On 02/05/2024 07:23, Sharma, Shashank wrote:
Hey Alex,
On 01/05/2024 22:39, Alex Deucher wrote:
On Fri, Apr 26, 2024 at 10:07 AM Shashank Sharma
<shashank.sharma@xxxxxxx> wrote:
From: Alex Deucher <alexander.deucher@xxxxxxx>
This patch intorduces new UAPI/IOCTL for usermode graphics
queue. The userspace app will fill this structure and request
the graphics driver to add a graphics work queue for it.

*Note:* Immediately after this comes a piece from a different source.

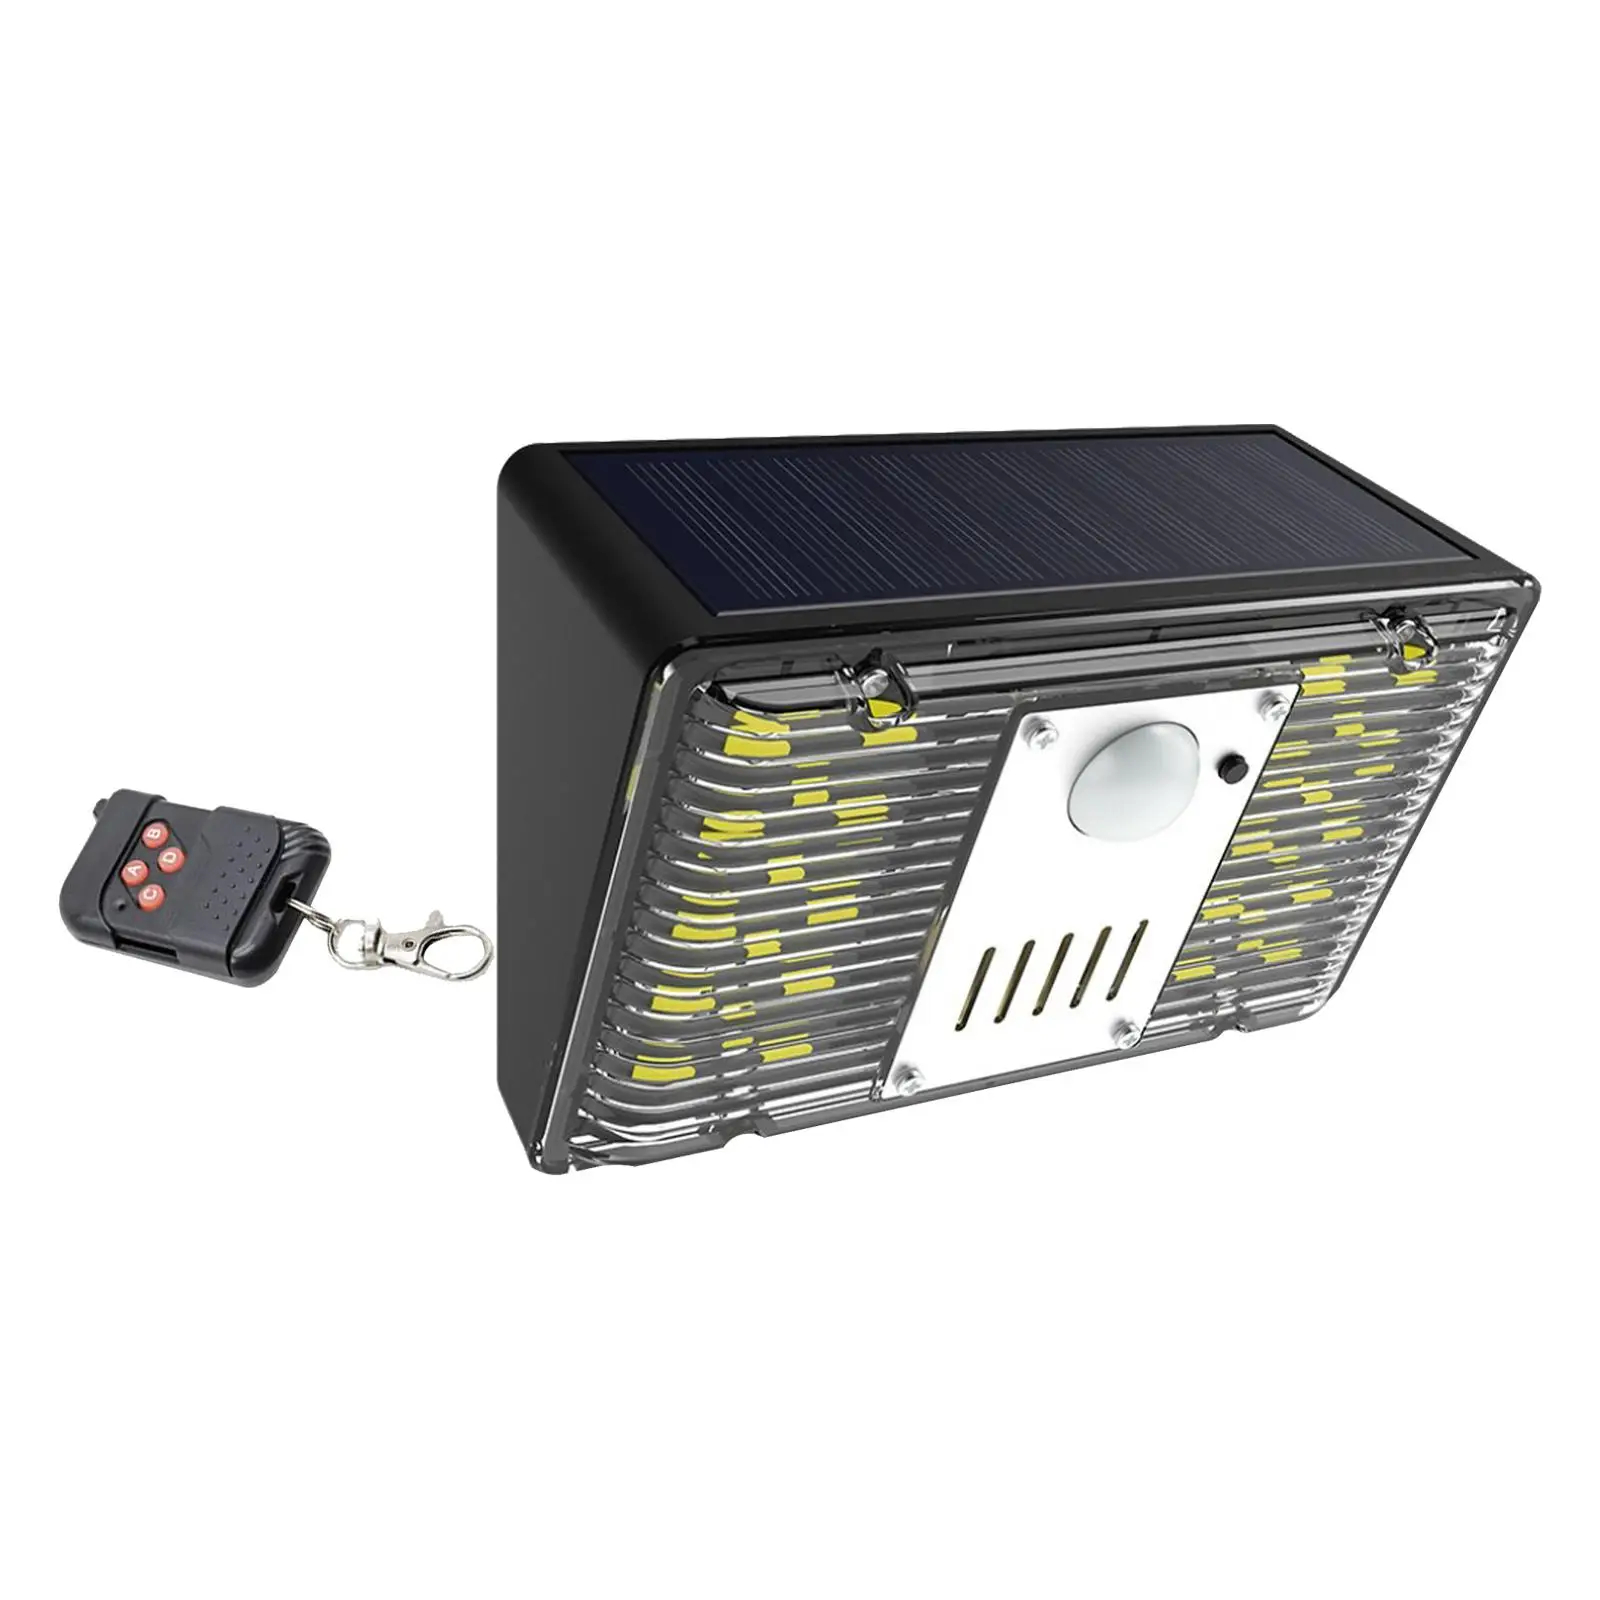 Courtyard wall lights 129dB Loud Alarm Courtyard Lamp with Remote Solar Recharge Solar lamp Outdoor

The
output of this UAPI is a queue id.
This UAPI maps the queue into GPU, so the graphics app can start
submitting work to the queue as soon as the call returns.
V2: Addressed review comments from Alex and Christian
- Make the doorbell offset's comment clearer
- Change the output parameter name to queue_id
V3: Integration with doorbell manager
V4:
- Updated the UAPI doc (Pierre-Eric)
- Created a Union for engine specific MQDs (Alex)
- Added Christian's R-B
V5:
- Add variables for GDS and CSA in MQD structure (Alex)
- Make MQD data a ptr-size pair instead of union (Alex)
V9:
- renamed struct drm_amdgpu_userq_mqd_gfx_v11 to struct
drm_amdgpu_userq_mqd as its being used for SDMA and
compute queues as well
Cc: Alex Deucher <alexander.deucher@xxxxxxx>
Cc: Christian Koenig <christian.koenig@xxxxxxx>
Reviewed-by: Christian König <christian.koenig@xxxxxxx>
Signed-off-by: Alex Deucher <alexander.deucher@xxxxxxx>
Signed-off-by: Shashank Sharma <shashank.sharma@xxxxxxx>
---
include/uapi/drm/amdgpu_drm.h | 110
++++++++++++++++++++++++++++++++++
1 file changed, 110 insertions(+)
diff --git a/include/uapi/drm/amdgpu_drm.h
b/include/uapi/drm/amdgpu_drm.h
index 96e32dafd4f0..22f56a30f7cb 100644
--- a/include/uapi/drm/amdgpu_drm.h
+++ b/include/uapi/drm/amdgpu_drm.h
@@ -54,6 +54,7 @@ extern "C" {
#define DRM_AMDGPU_VM 0x13
#define DRM_AMDGPU_FENCE_TO_HANDLE 0x14
#define DRM_AMDGPU_SCHED 0x15
+#define DRM_AMDGPU_USERQ 0x16
#define DRM_IOCTL_AMDGPU_GEM_CREATE DRM_IOWR(DRM_COMMAND_BASE +
DRM_AMDGPU_GEM_CREATE, union drm_amdgpu_gem_create)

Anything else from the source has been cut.